Mollie Faustman was also a much appreciated writer of causerie-style articles which appeared in Dagens Nyheter and Idun under the pseudonym Vagabonde. These articles, which gave her a large readership, were also released in book format. In total 14 collections of her articles were published. Her ironic style of straightforward and unsentimental expression was much acclaimed by reviewers. The articles had a wide range of topics, although some were reoccuring such as husbands and marriage, school and raising children. Her children, Tuttan and Hampe, played a central role in the articles. Mollie Faustman was also one of the first female cartoonists in Sweden. Her much-loved series in Dagens Nyheter on the lives of two children, Tuttan and Putte, cleverly captured snapshots of a child’s everyday life. These were contemporary portrayals of a child’s conflicts with the adult world and everything in between. The children were the focus and the simplified and stylised drawings depicted the children as they moved and ran. The cartoons were eventually released in book format in two volumes, first in 1926 and then in 1934.

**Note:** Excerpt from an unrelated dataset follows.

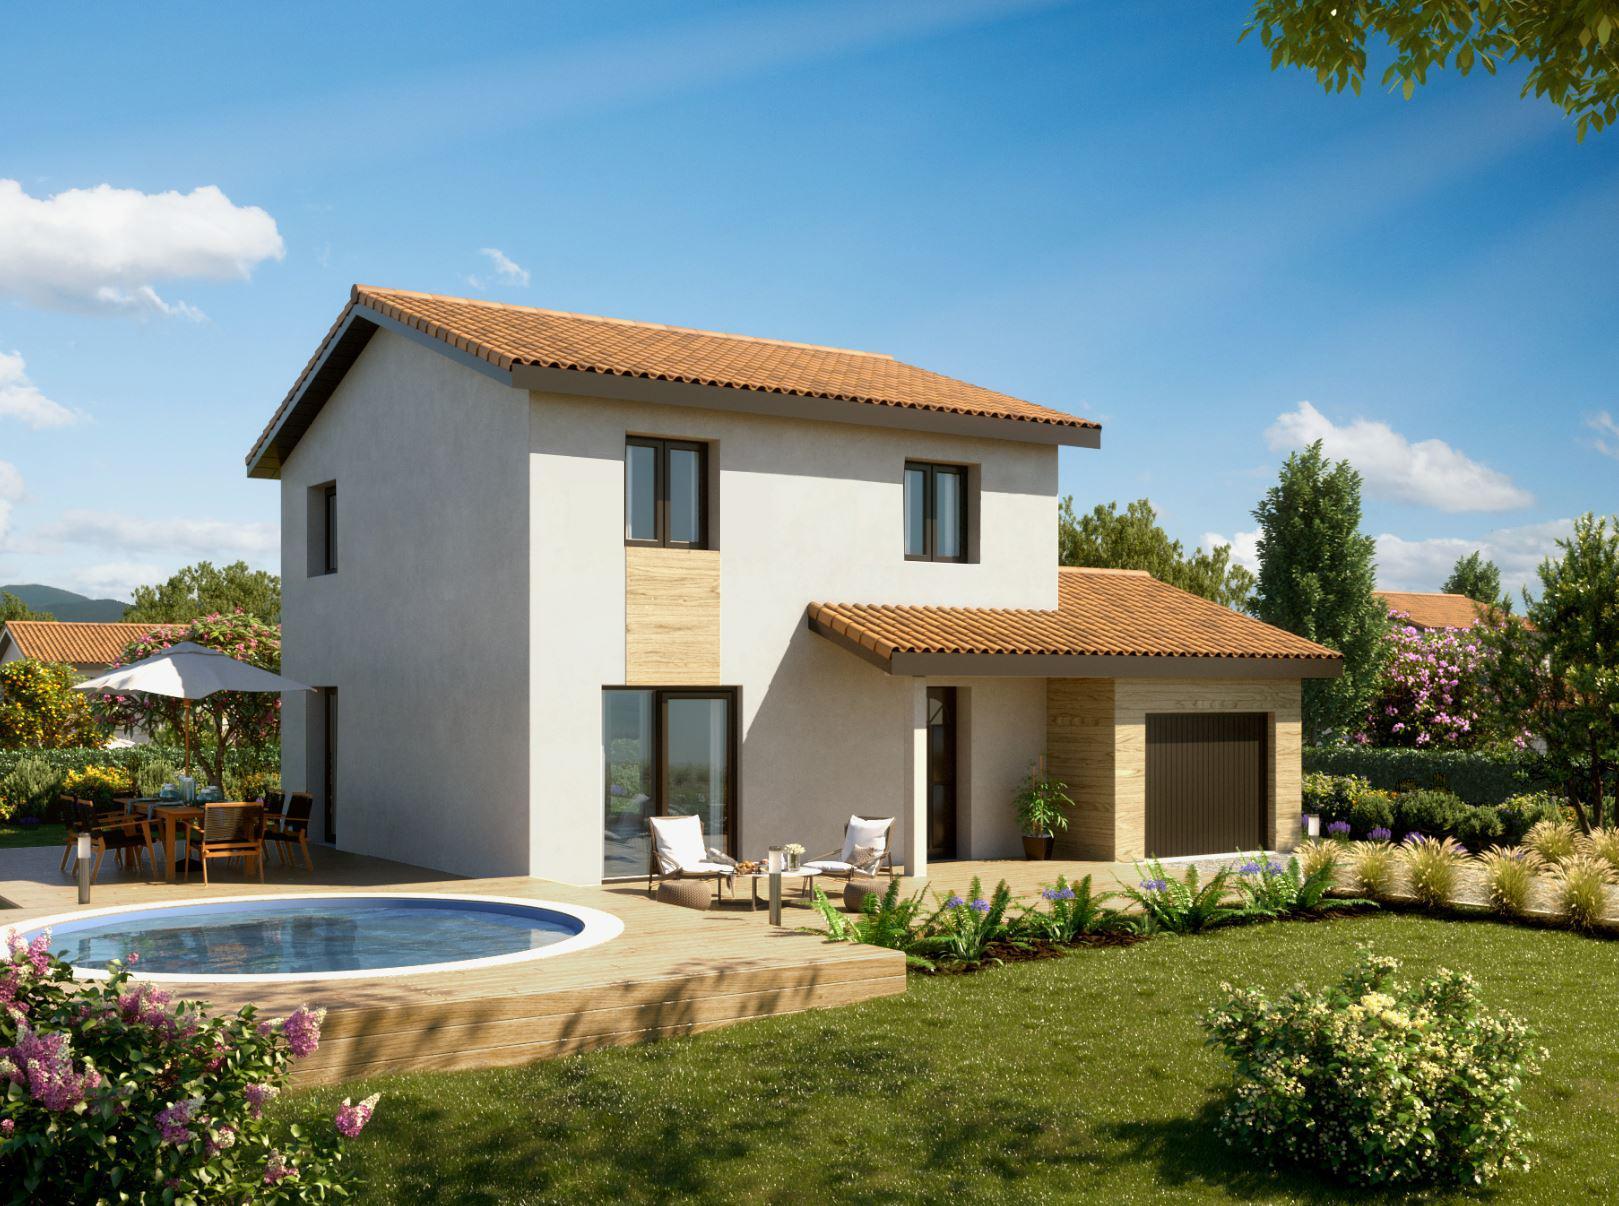 Maisons + Terrains du constructeur MAISONS PUNCH BOURGOIN • 94 m² • BOURGOIN JALLIEU

Mollie Faustman’s collected work has a distinct thematic unity. Both her writings and her drawings portray women and children. She always supported society’s underdogs and was highly aware of what she viewed as oppression, haughtiness and high-handedness.
It was, however, painting that was the most important form of expression for Mollie Faustman. “I make a point of being an artist”, she said. Mollie Faustman’s first solo exhibition was at Konstnärshuset in 1931, and her last retrospective exhibition was in Sveagalleriet in 1964. She often exhibited with other artists. Her debut was in 1909 when she exhibited in the Hallin art shop in Stockholm along with three male friends from Valand. Mollie Faustman was one of the early modernists. She was considered to be a fresh but somewhat harsh painter; also the authenticity of her art has been emphasized. She followed her own path and avoided trends, particularly clichés and stereotypes. Like other modernists she had an affinity to children and emphasised the genuine nature of children. She was one of the first to dismantle the image of the sweet innocent child. Her depictions of children are not those of beautified poses but rather serious, glum, thoughtful expressions, beyond blithe smiles. Along with Vera Nilsson Mollie Faustman is considered to be one of the eminent painters of children of her time.
Mollie Faustman spent most of her life writing books for children, painting, holding exhibitions and writing for the daily press and for journals. Mollie Faustman made the movements and changes which are usually taken as signs of modernity her own. She was vocal in the public discussions of her time, engaging in debates and expressing her opinion both in words and in images. For example, she attacked the notorious gossip magazine Fäderneslandet and contributed to getting it closed down. She was a significant former of public opinion. She made her voice heard and she was listened to.
Mollie Faustman died in 1966 and is buried at the Skog cemetery in Stockholm.